3. I still can’t figure out how you can tighten the bolt to the nut while pulling the bolt away from the nut. First you have to get the bolt through the hole in the objects you’re bolting. Then you have to engage the nut. The nut has to go on after the bolt goes through the hole. How does the nut get onto the bolt if not threaded on from the end? Then you have to stretch the bolt to apply preload to the objects being bolted together. How do you stretch the bolt by pulling it away from the nut, and have the bolt squeeze in on the bolted objects? You are increasing the distance between the bolt head and nut and trying to squeeze the items in that zone. That does not make sense.
June 28th, 2006 at 10:57 am
OK Irishman, I’ll go away and think about what you said. But I think there is more than one way to skin a cat. ( To use an old expression that may not be political correct now!).

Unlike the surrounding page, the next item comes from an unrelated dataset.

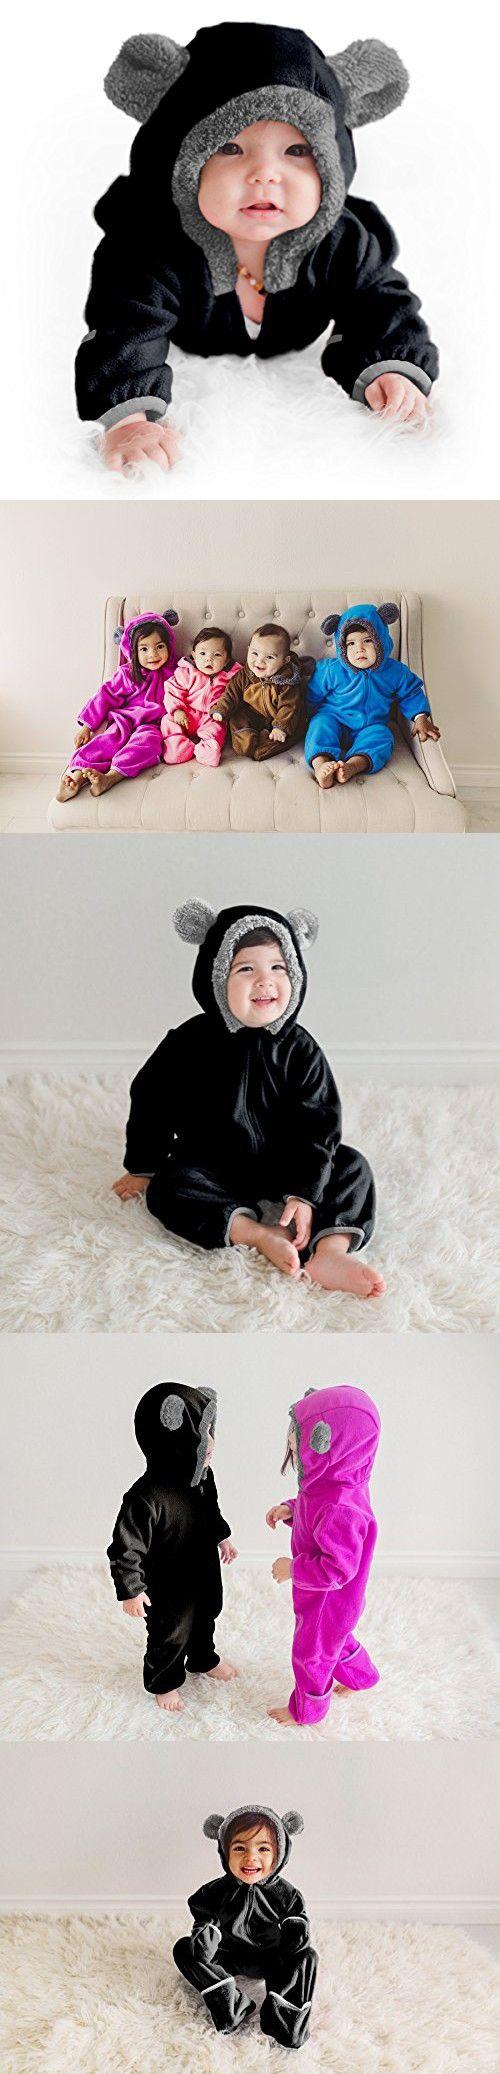 Funzies Baby Bunting Fleece Hooded Romper Bodysuit (6-12 Month, Black)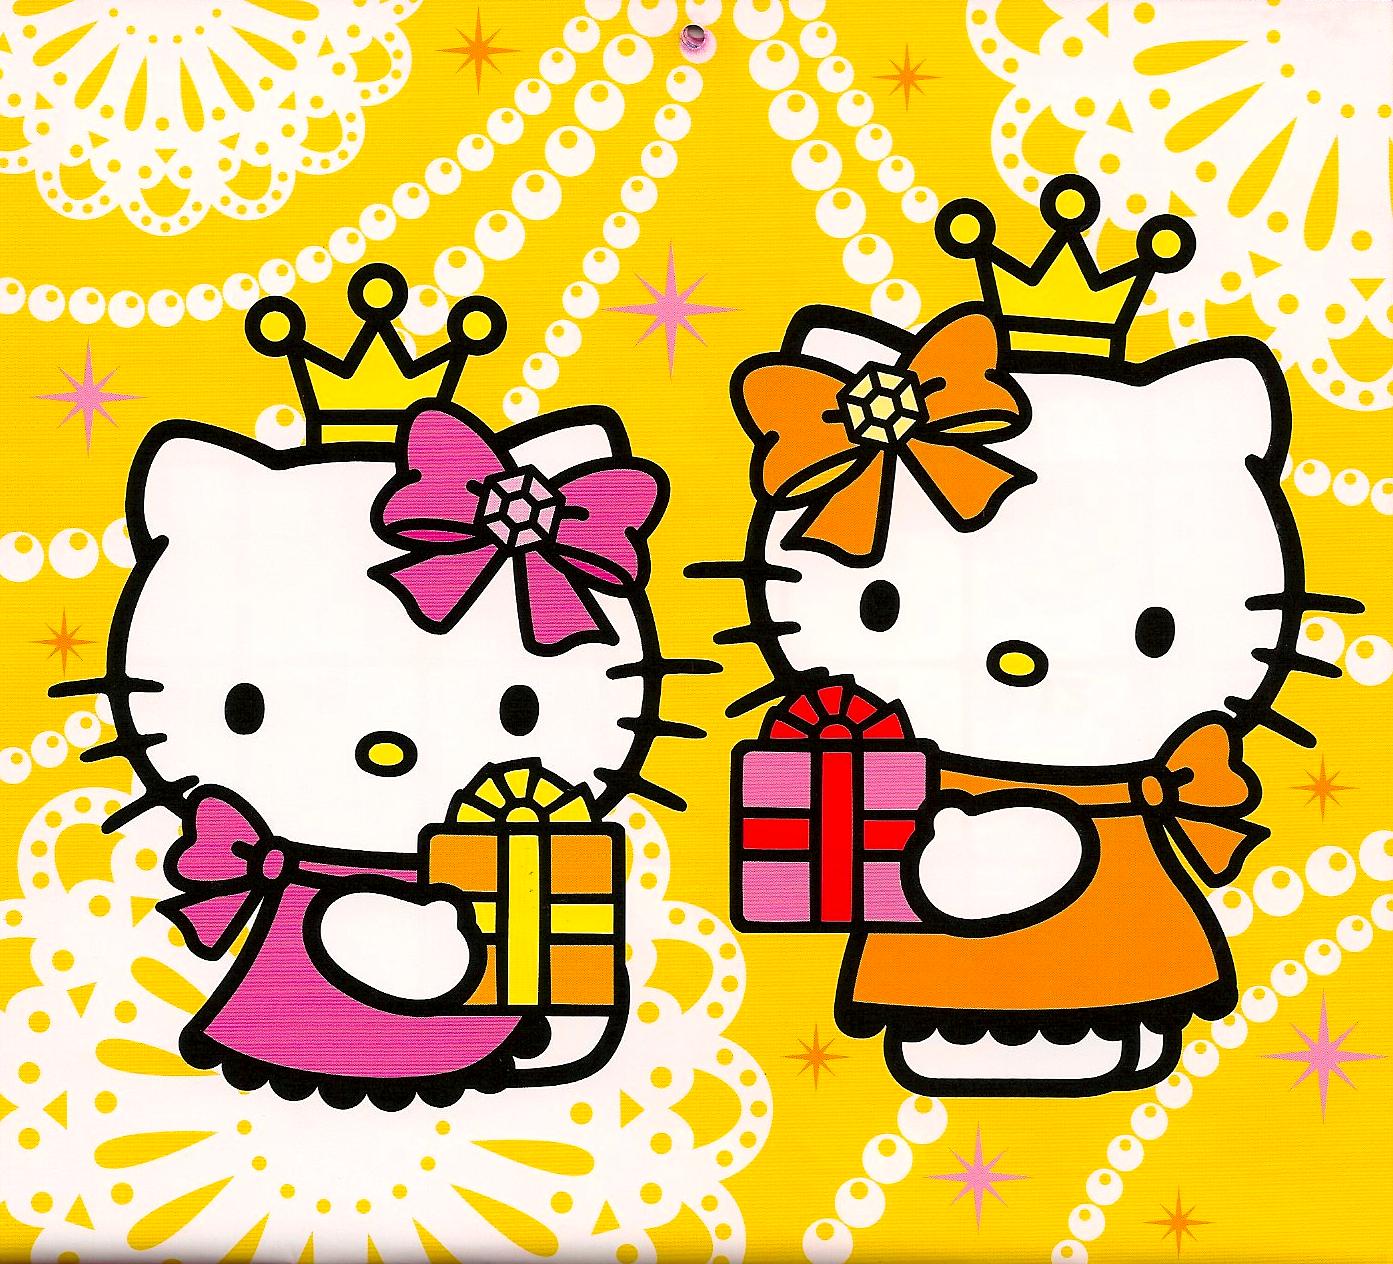 Great Wallpaper Hello Kitty Calendar - hkcalnov  Photograph_633391.png

Words like leverage, pressure, friction, spring loading come to mind at the moment. Are there any machinists out there trying out this idea, and can it be optimised?
Ivan. ( PS, Maybe this should be considered elsewhere, as I think Phil would agree it is off-topic.)
June 29th, 2006 at 1:20 pm
Somebody needs to look at the hydraulic bolt tensioning industry and the hydraulic wrench industry. There’s a wealth of information on this topic. Better yet, Google “hydraulic bolt tensioning” or “hydraulic torque wrenches” or even hydraulic bolting. You’ll find everything you ever wanted to know about it.